As part of the stimulus package, the Economic Aid to Hard-Hit Small Businesses, Nonprofits and Venues Act (the “Act”), appropriates $284.5 billion dollars to reopen the PPP loan program for first-and second-time borrowers and extends the program until March 31, 2021. The Act sets aside $35 billion for first time borrowers, $15 billion of which is to be applied to loans for smaller businesses with 10 or fewer employees, or loans of less than $250,000 in low-income areas and $25 billion for second draw PPP loans for smaller borrowers with 10 or fewer employees, or loans less than $250,000 in low-income areas.

The second draw provisions will enable a small business to receive a second PPP loan of up to $2 million if the small business has less than 300 employees, has used or will use the full amount of the first PPP loan, and can demonstrate a revenue reduction of 25 percent as determined by gross receipts during the first, second, third or, only with respect to loan applications submitted on or after January 1, 2021, the fourth quarter in 2020, as compared to the same quarter in 2019. In general, borrowers may receive a loan amount of up to 2.5 times the average monthly payroll costs in the one year prior to the loan or calendar year.

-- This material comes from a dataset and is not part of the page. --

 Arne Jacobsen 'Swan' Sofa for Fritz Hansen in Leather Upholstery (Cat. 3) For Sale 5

For loans of $150,000 or less, borrowers may submit a certification attesting that the borrower meets the revenue loss requirements. Non-profits and veterans’ organizations may utilize gross receipts to calculate their revenue loss standard.

The Act creates a simplified PPP loan forgiveness application for loans of $150,000 or less. The borrower is required to sign and submit a one-page certification that lists the loan amount, the number of employees the borrower was able to retain because of the loan, and the estimated total amount of the loan spent on payroll costs. No additional documentation may be requested. The SBA is directed to create this form within 24 days of enactment of the Act.

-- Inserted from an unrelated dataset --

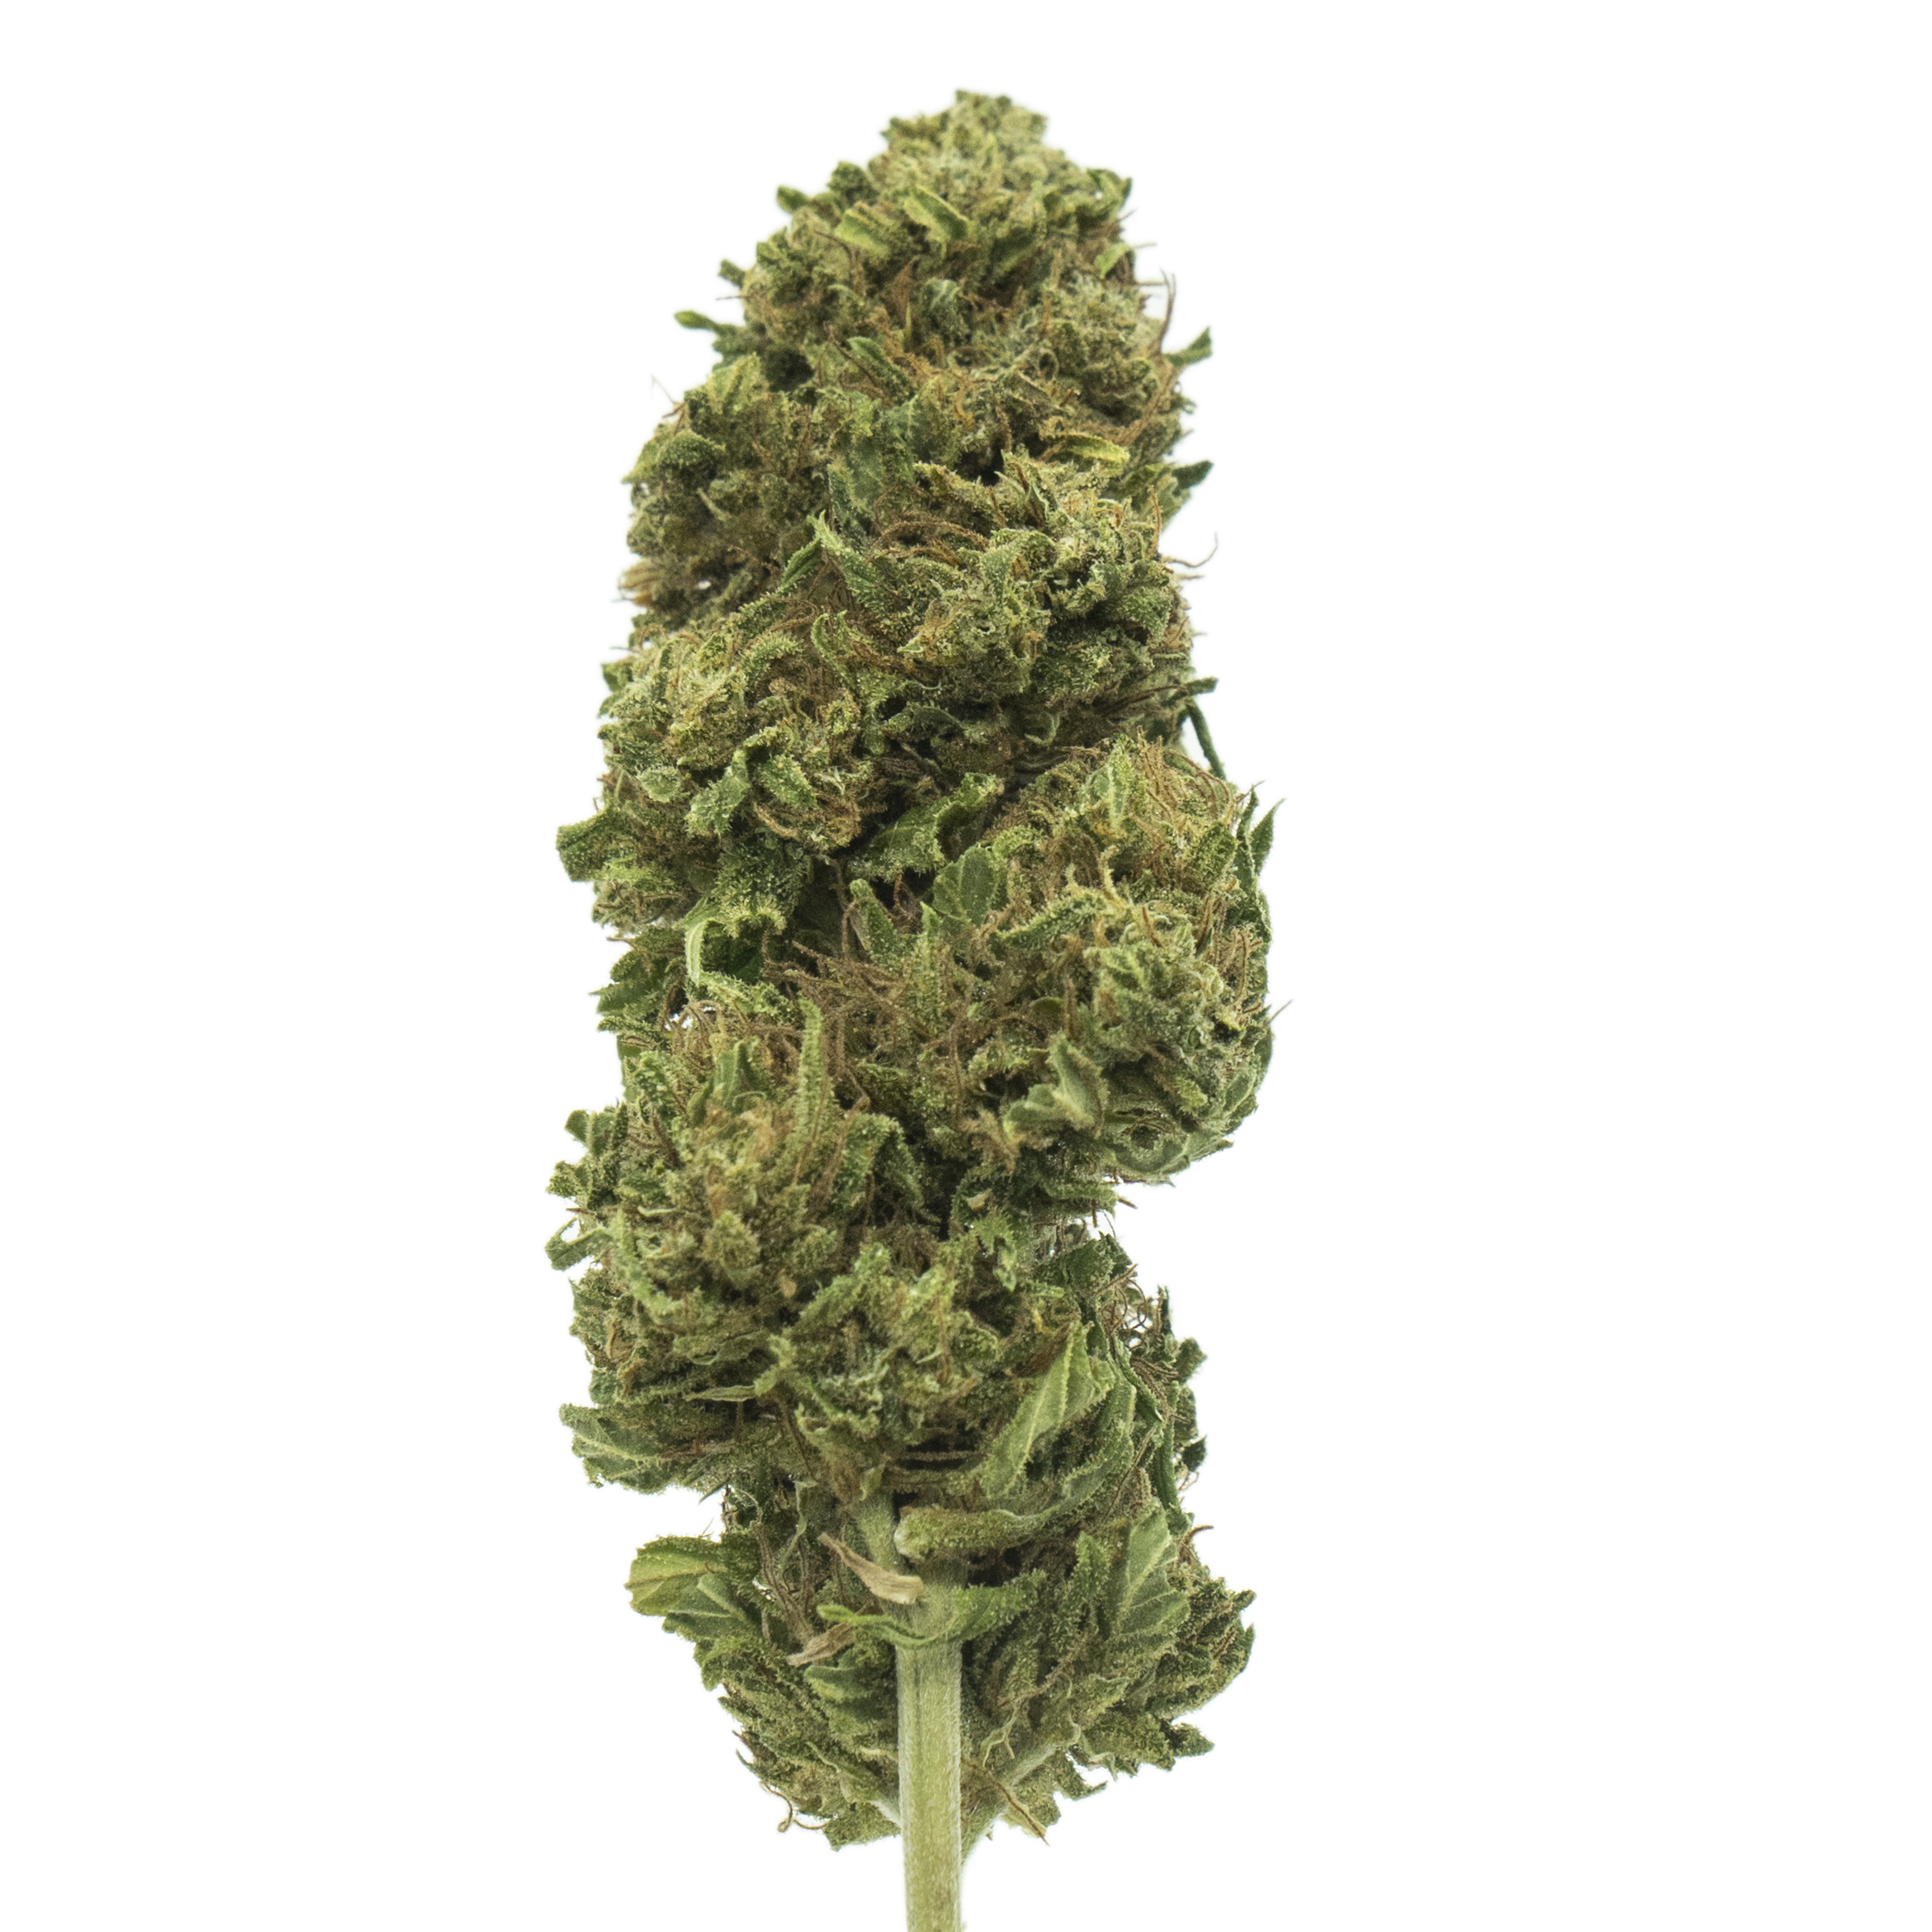 Bubba Kush - canapa light, erba legale, marijuana CBD

Other PPP loan changes include: expansion of the list of funds that qualify for loan forgiveness to include covered operations, property damage costs due to public disturbances that occurred during 2020 that are not covered by insurance, covered supplier costs, and covered worker protection expenditures including Personal Protective Equipment (PPE); expansion of payroll costs to include group life, disability, vision or dental insurance; permitting borrowers whose loan calculations have increased due to changes in interim final rules to work with lenders to modify their loan amount regardless if the loan has been fully disbursed.

Significantly, the Act clarifies Congressional intent that deductions are allowed for otherwise deductible expenses paid with proceed of a PPP loan that is forgiven; repeals the CARES Act provision that requires PPP borrowers to deduct their Economic Injury Disaster Loan (EIDL) loan advance from their PPP loan forgiveness amount; requires the SBA to issue rules that ensure that borrowers are made whole if they received forgiveness and their EDIL was deducted from that amount; and permits EDIL borrowers to also apply for a PPP loan.

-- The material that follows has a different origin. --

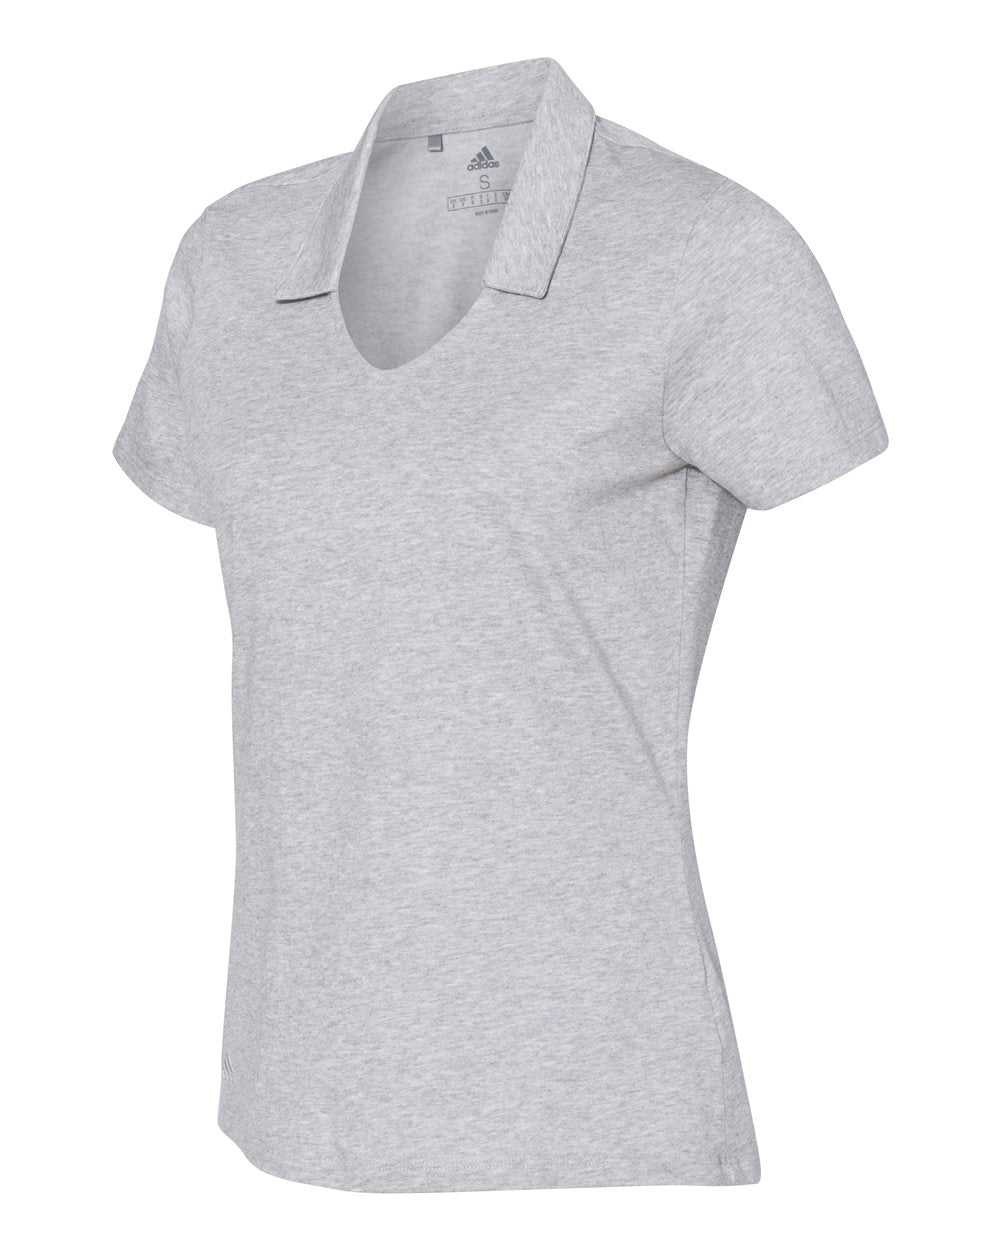 Adidas A323 Women&#39;s Cotton Blend Sport Shirt - Medium Grey Heather - HIT a Double

Employee Retention Tax Credits

Other provisions of the stimulus package include the extension of the Employee Retention Tax Credit (ERTC) for wages paid through June 30, 2021.

The changes also expand the ERTC program by:

  • Increasing the ERTC credit from 50% to 70% of qualified wages
  • Increasing the per-employee wages subject to the ERTC credit from $10,000 total to $10,000 per calendar quarter
  • Decreasing the gross receipts decline threshold for claiming ERTC credits from a 50% decline to a 20% decline, and
  • Expanding the full range of ERTC credit options, including advance payments, for “small employers” from businesses with up to 100 employees up to businesses with up to 500 employees.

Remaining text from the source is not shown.